:: GIVEN DATA ::
-- Opening Marker --
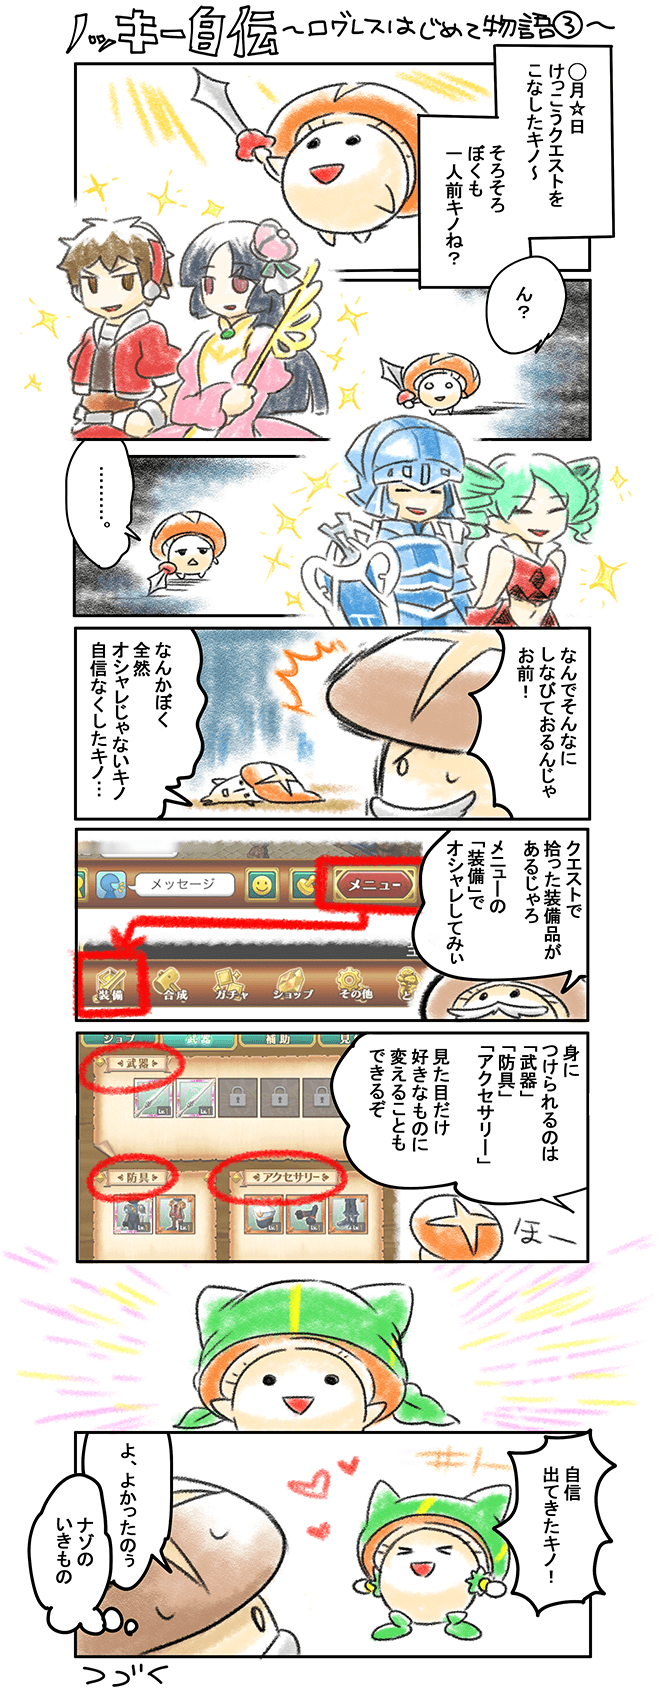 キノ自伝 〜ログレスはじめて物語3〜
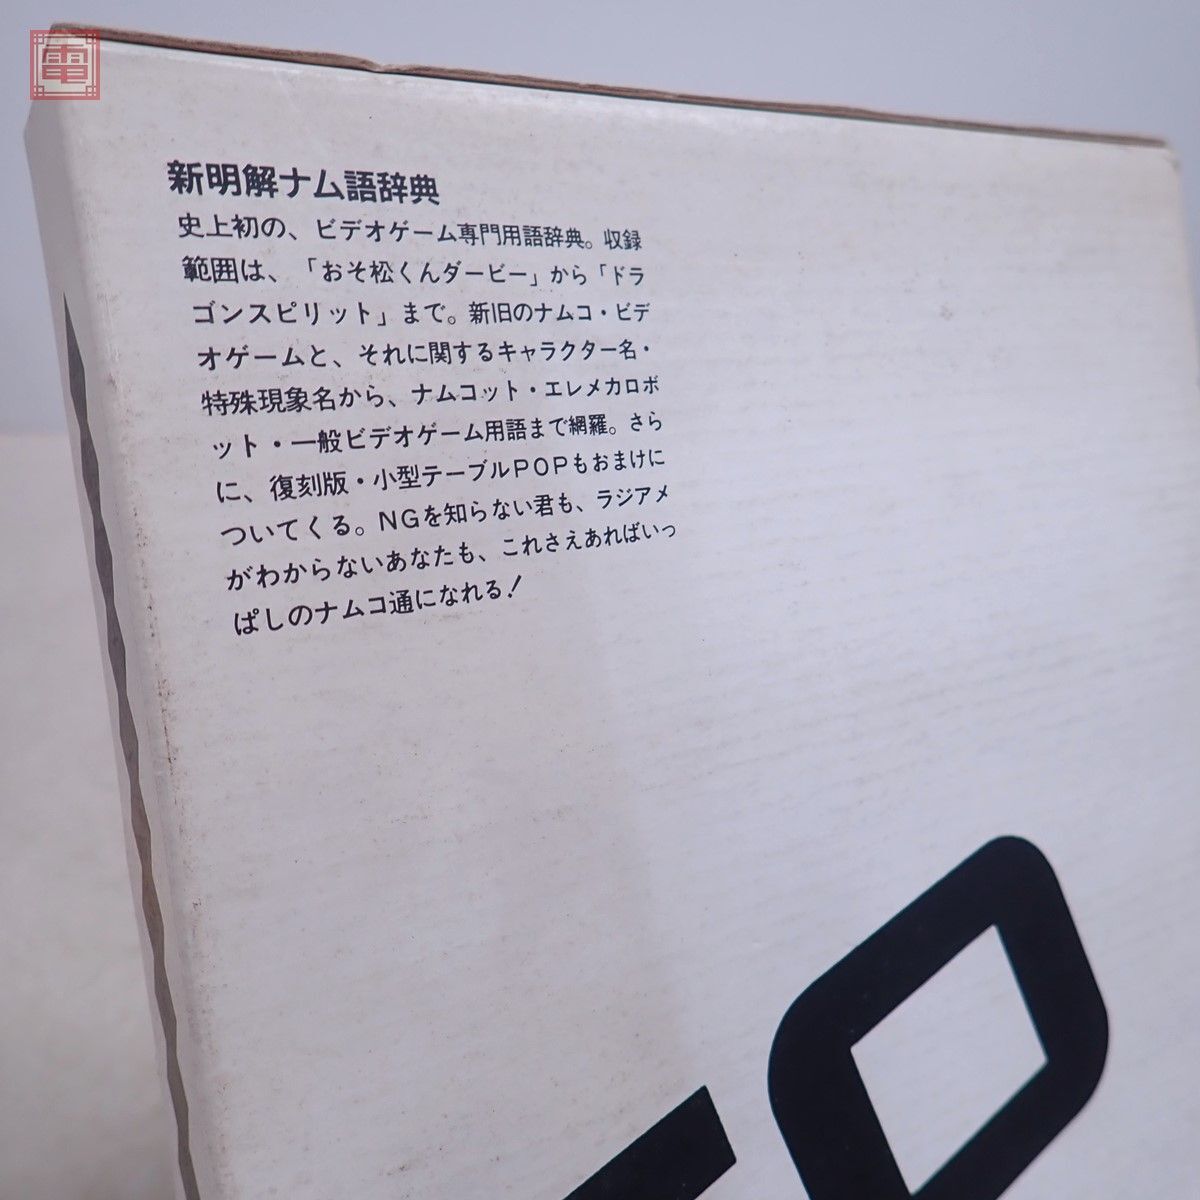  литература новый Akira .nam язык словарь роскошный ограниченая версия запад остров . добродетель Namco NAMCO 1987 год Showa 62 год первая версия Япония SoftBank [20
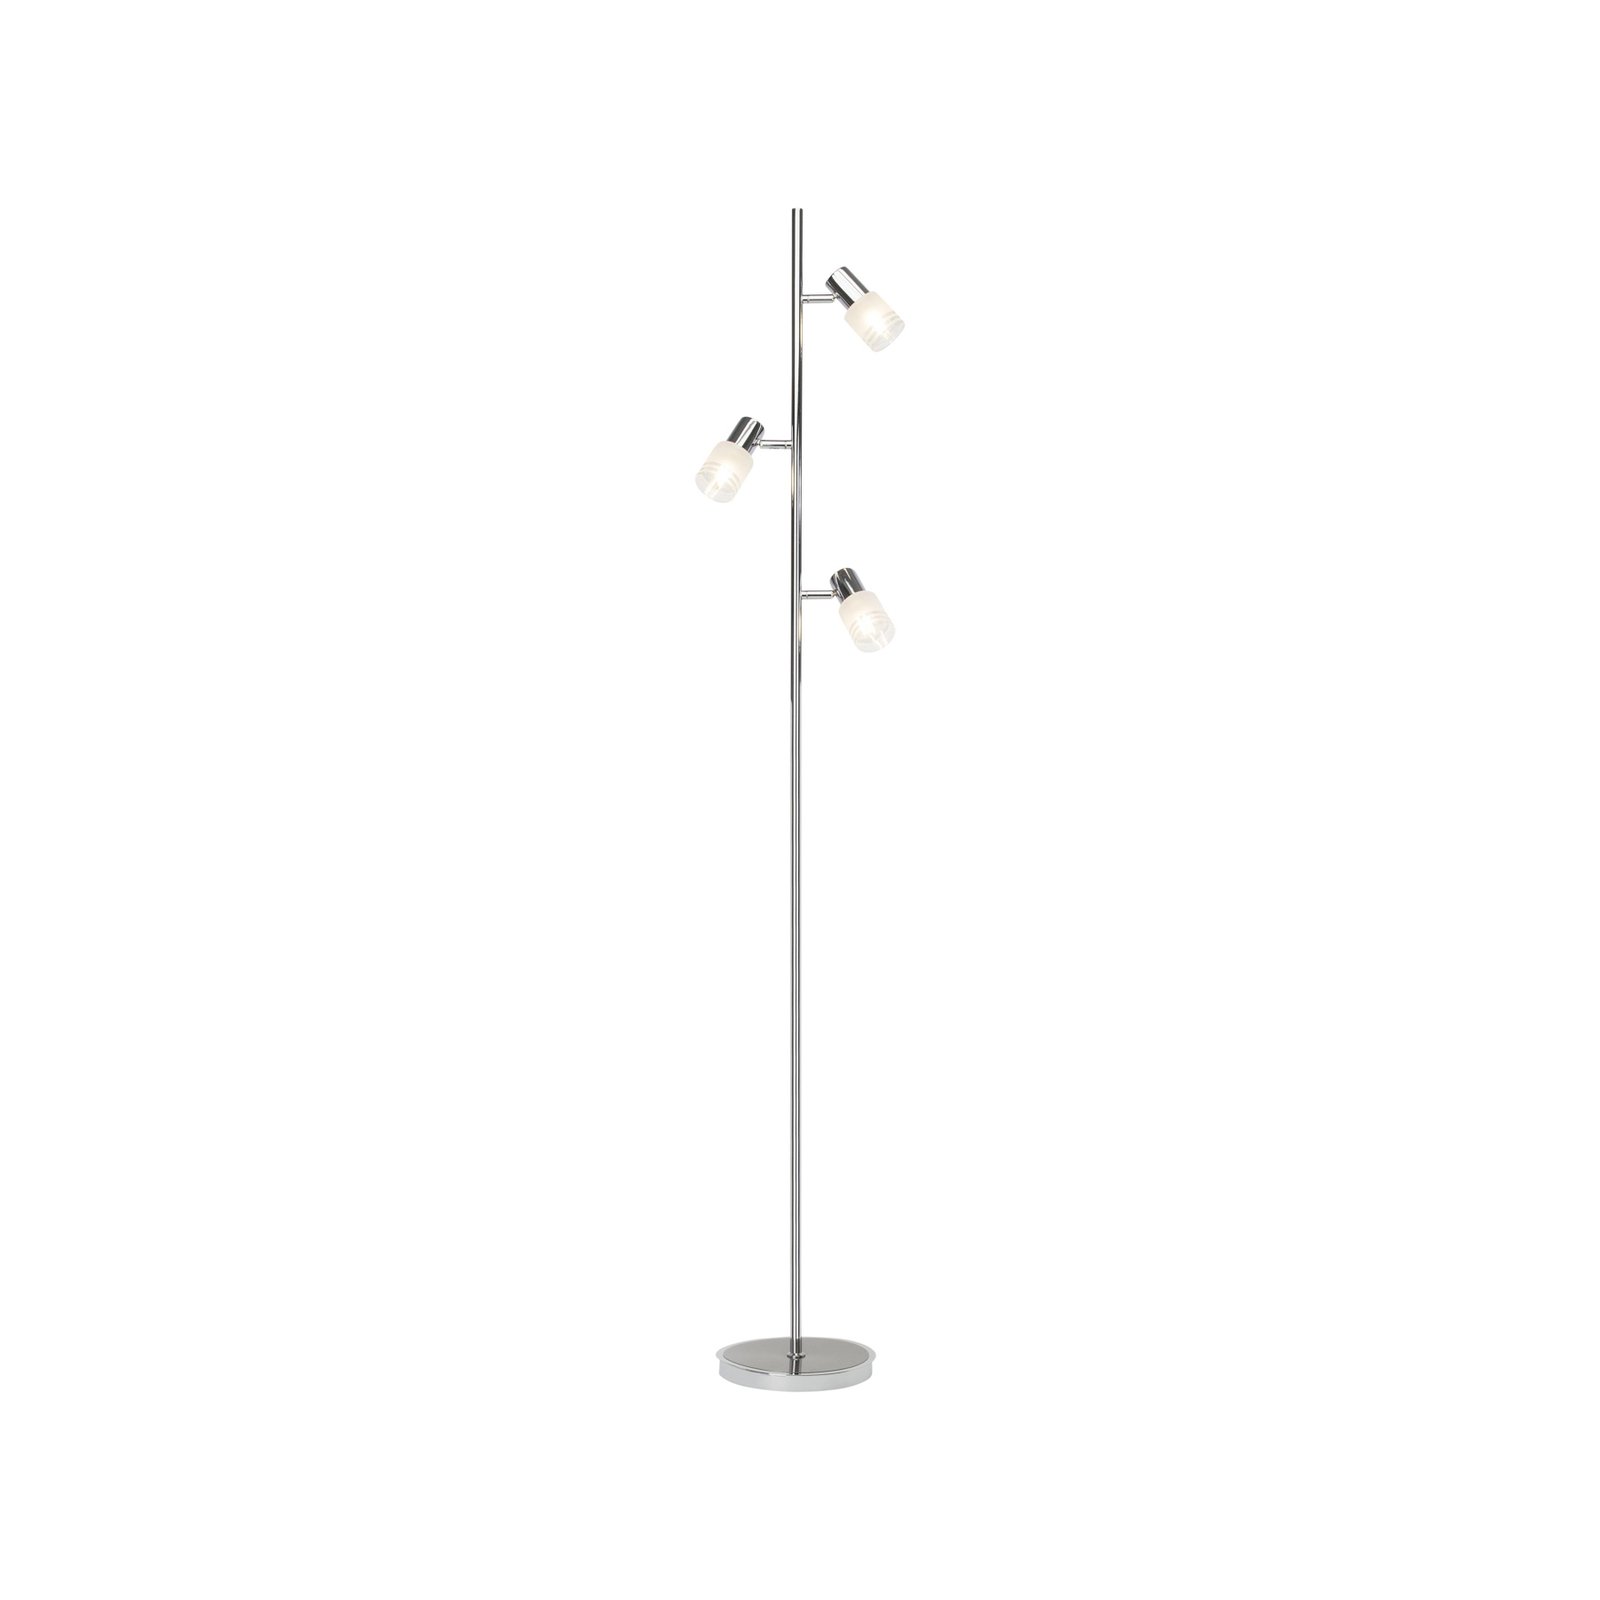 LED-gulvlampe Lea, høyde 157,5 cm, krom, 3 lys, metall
-- Closing Marker --
Reproduce word for word the lines running from the line with "литература новый Akira" through the end of the data, both included, and nothing else; leave out the pictures.

:: ANSWER FOR THE TASK ::
  литература новый Akira .nam язык словарь роскошный ограниченая версия запад остров . добродетель Namco NAMCO 1987 год Showa 62 год первая версия Япония SoftBank [20
 LED-gulvlampe Lea, høyde 157,5 cm, krom, 3 lys, metall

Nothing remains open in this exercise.